With the draft of my perspective now completed, it only remained to trace it off onto a large sheet of matt surface plastic drafting media: this was done as carefully as possible so as to avoid the accretion of smudging which bedevils this so-called wonder material. Actually, it would have been much better traced onto that extremely fine Finnish detail paper that Utzon always insisted on and Patrick also knew of from his time in Aalto’s studio as an assistant on the Helsinki Pension Bank project: it is perfectly stable and it photographs much better. The whereabouts of my original are not presently known: what we do have here is this January 1970 archival print (very likely unique) plus my now somewhat battered pencil draft on good old-fashioned tracing paper.

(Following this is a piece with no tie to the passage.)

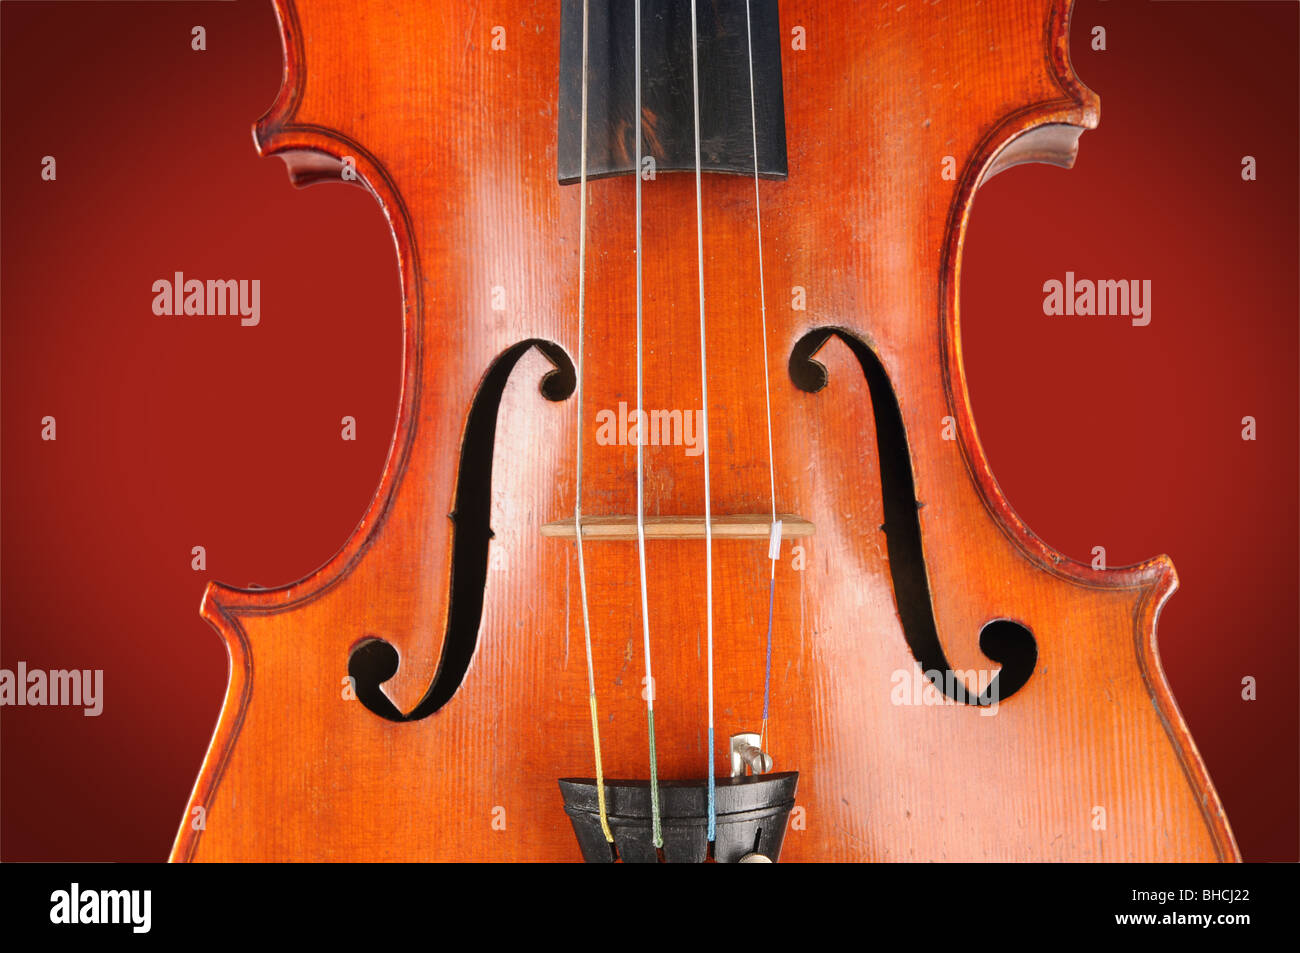 Mid section of vintage violon en vue rapprochée Banque D'Images

Patrick, with his commission now much reduced by McAlpine’s and with nothing definite in the offing, gradually closed down his office at 32 Porchester Terrace W2 and in early 1970 I returned overland to Australia and an uncertain future as a solo architect in an anything but ‘mass society’. Just before I left London, we went to lunch at a crowded old fish cafe in an alley near Drury Lane: here only one dish was offered, a completely delicious large oval plate of boiled turbot and lobster sauce served with just one wine, a modest but excellent Riesling. The ancient bubble-glass windows were steaming up and the waitresses were pretty quick; and all this for only three quid a head!